▸ TASK
Without the pictures, write the listing out again exactly as it appears.

▸ DATA SHOWN
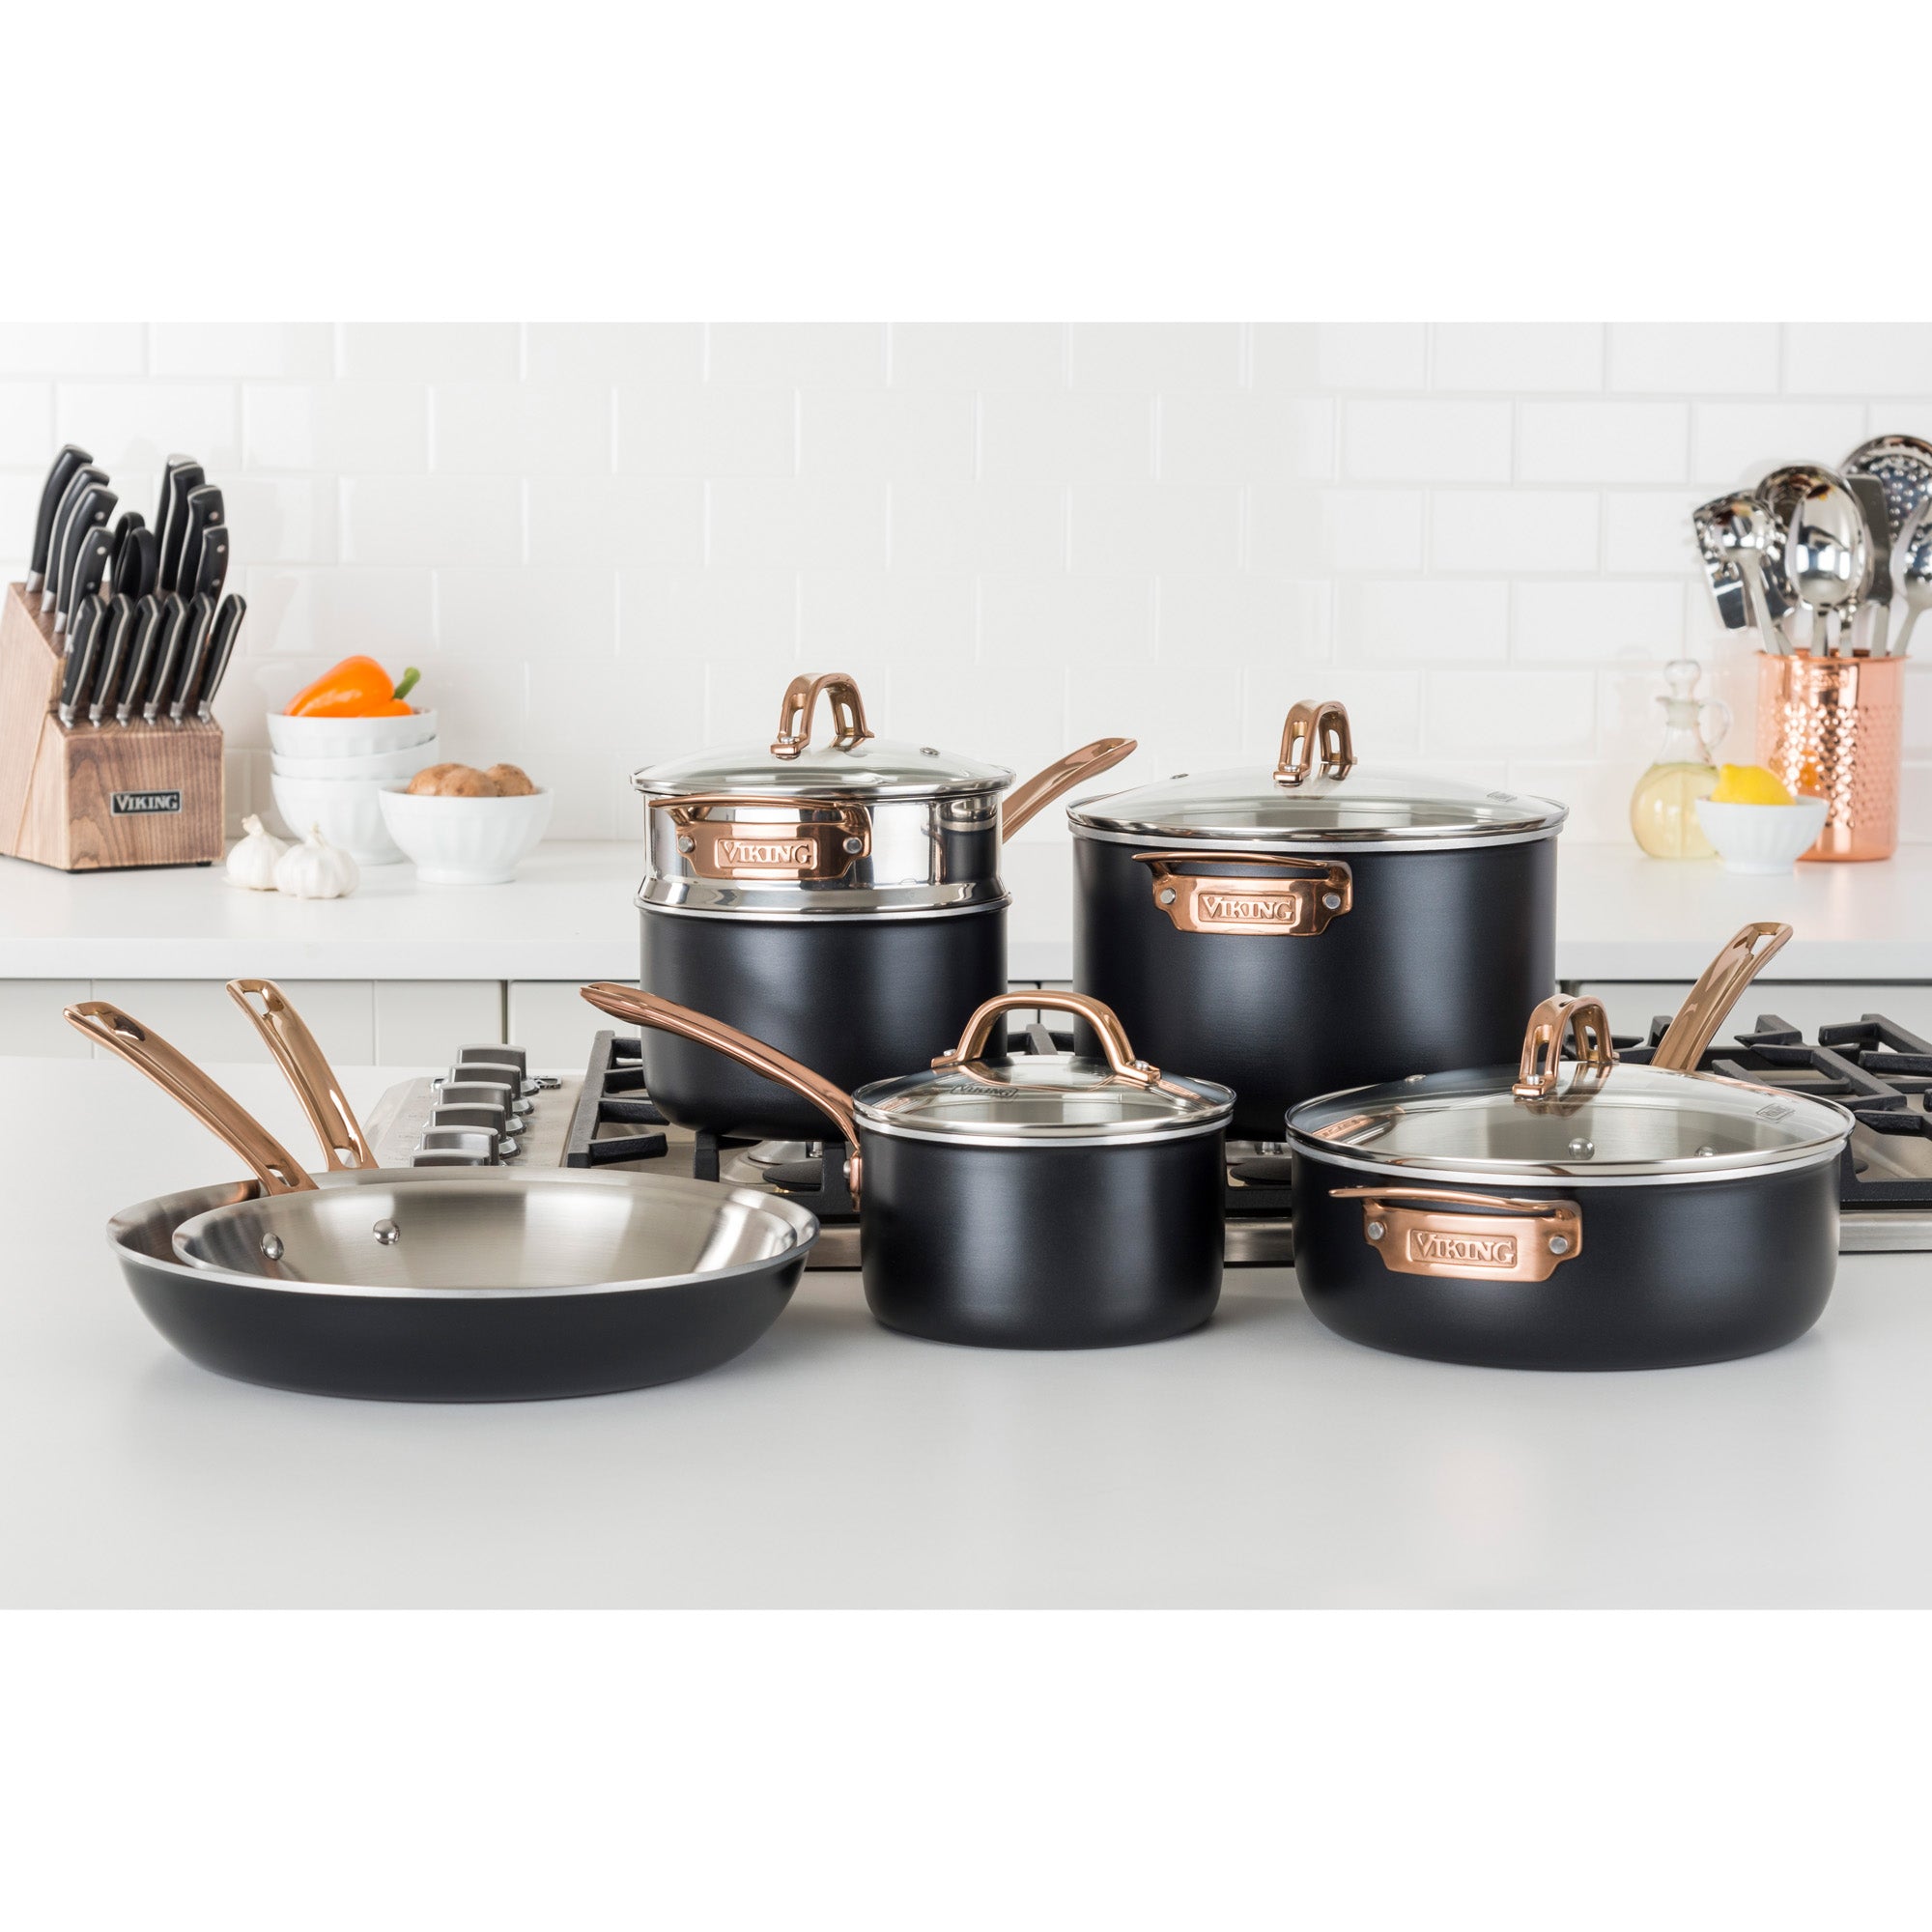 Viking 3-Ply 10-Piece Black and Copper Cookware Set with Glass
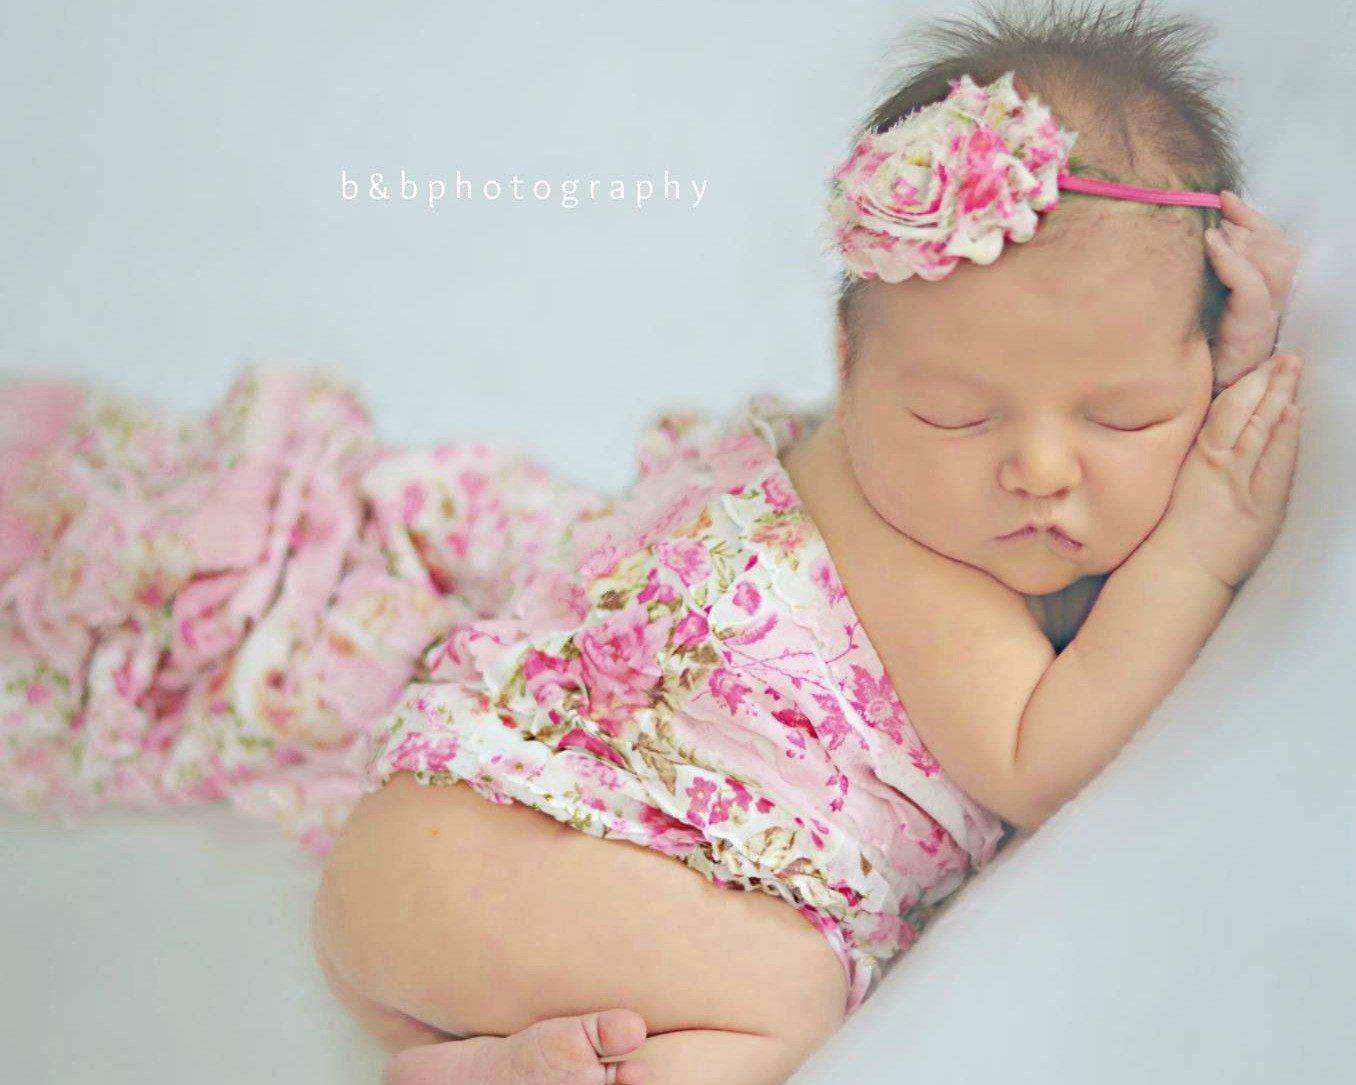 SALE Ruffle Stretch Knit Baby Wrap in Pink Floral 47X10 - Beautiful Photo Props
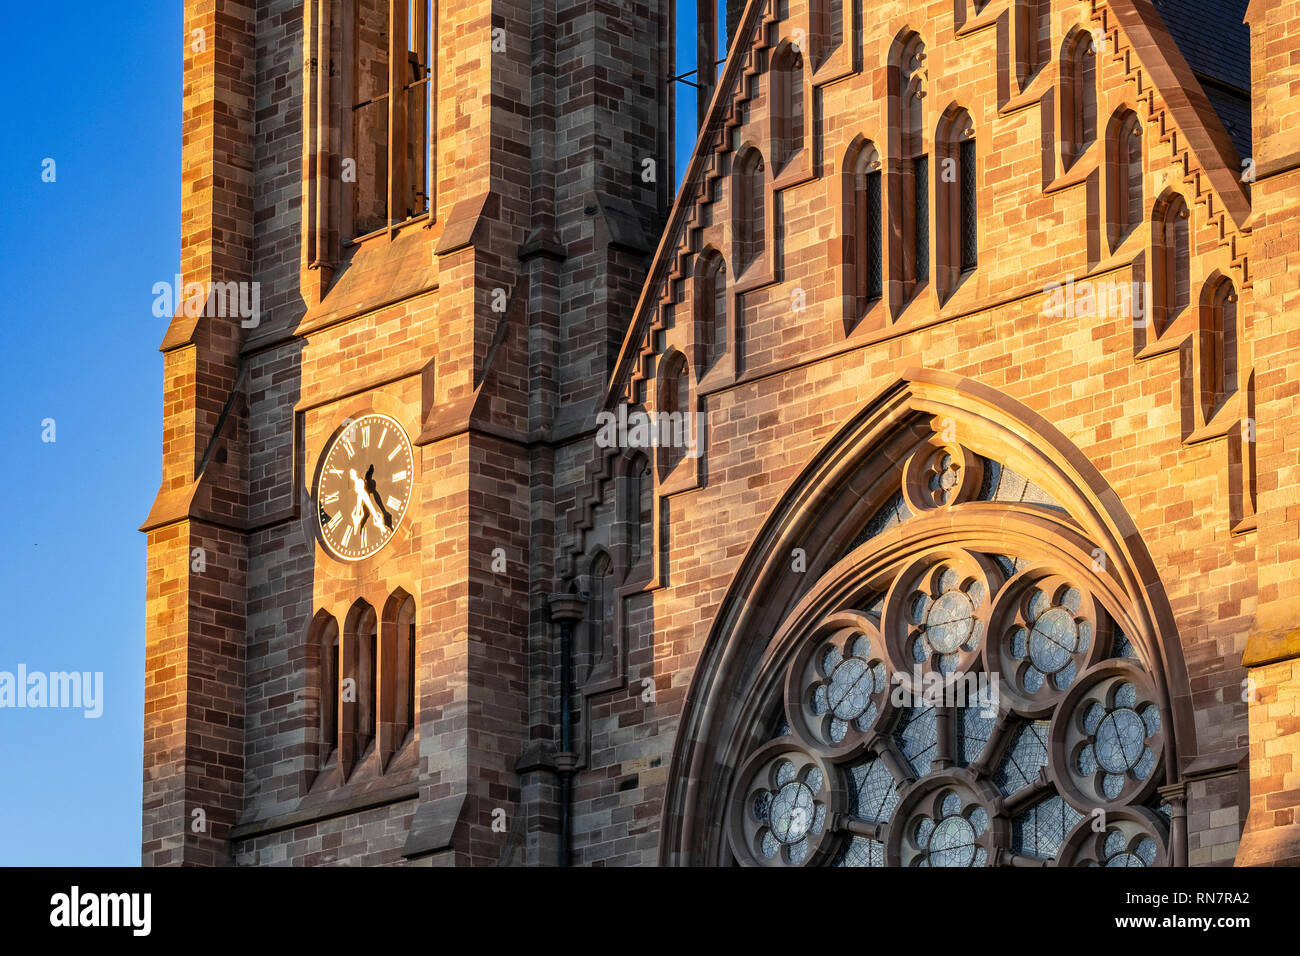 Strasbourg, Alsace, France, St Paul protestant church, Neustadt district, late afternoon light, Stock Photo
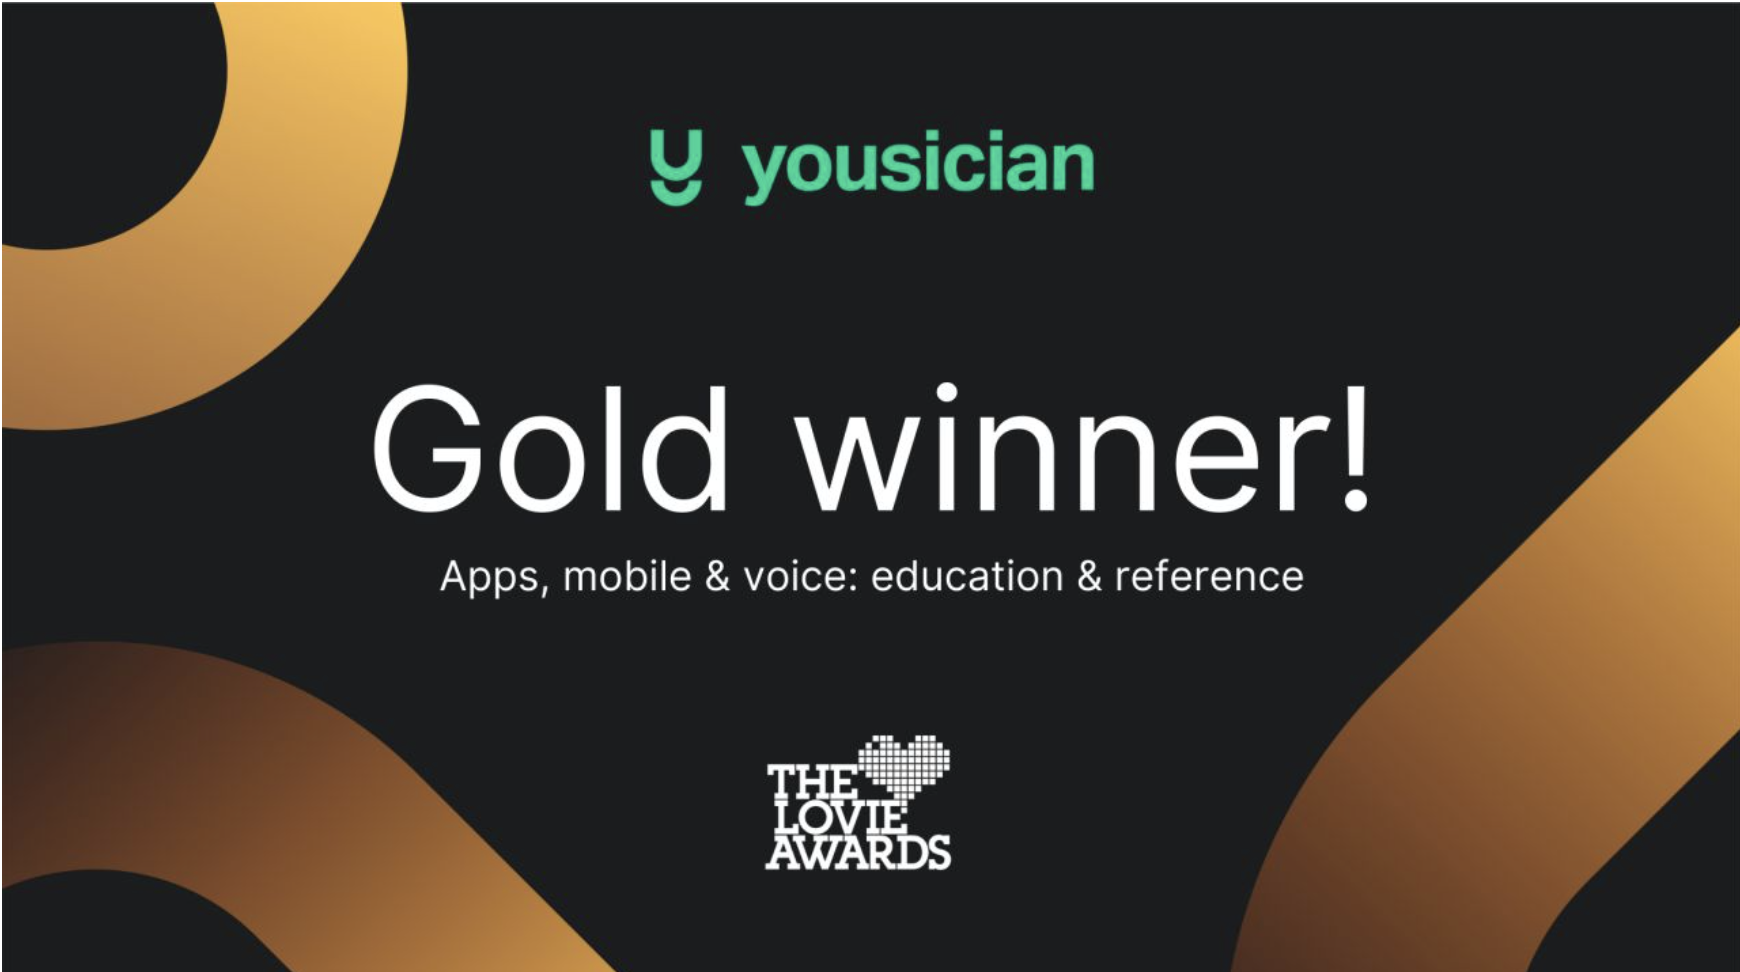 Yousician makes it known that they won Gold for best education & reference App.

▸ SOLUTION TO THIS TASK
 Viking 3-Ply 10-Piece Black and Copper Cookware Set with Glass
 SALE Ruffle Stretch Knit Baby Wrap in Pink Floral 47X10 - Beautiful Photo Props
 Strasbourg, Alsace, France, St Paul protestant church, Neustadt district, late afternoon light, Stock Photo
 Yousician makes it known that they won Gold for best education & reference App.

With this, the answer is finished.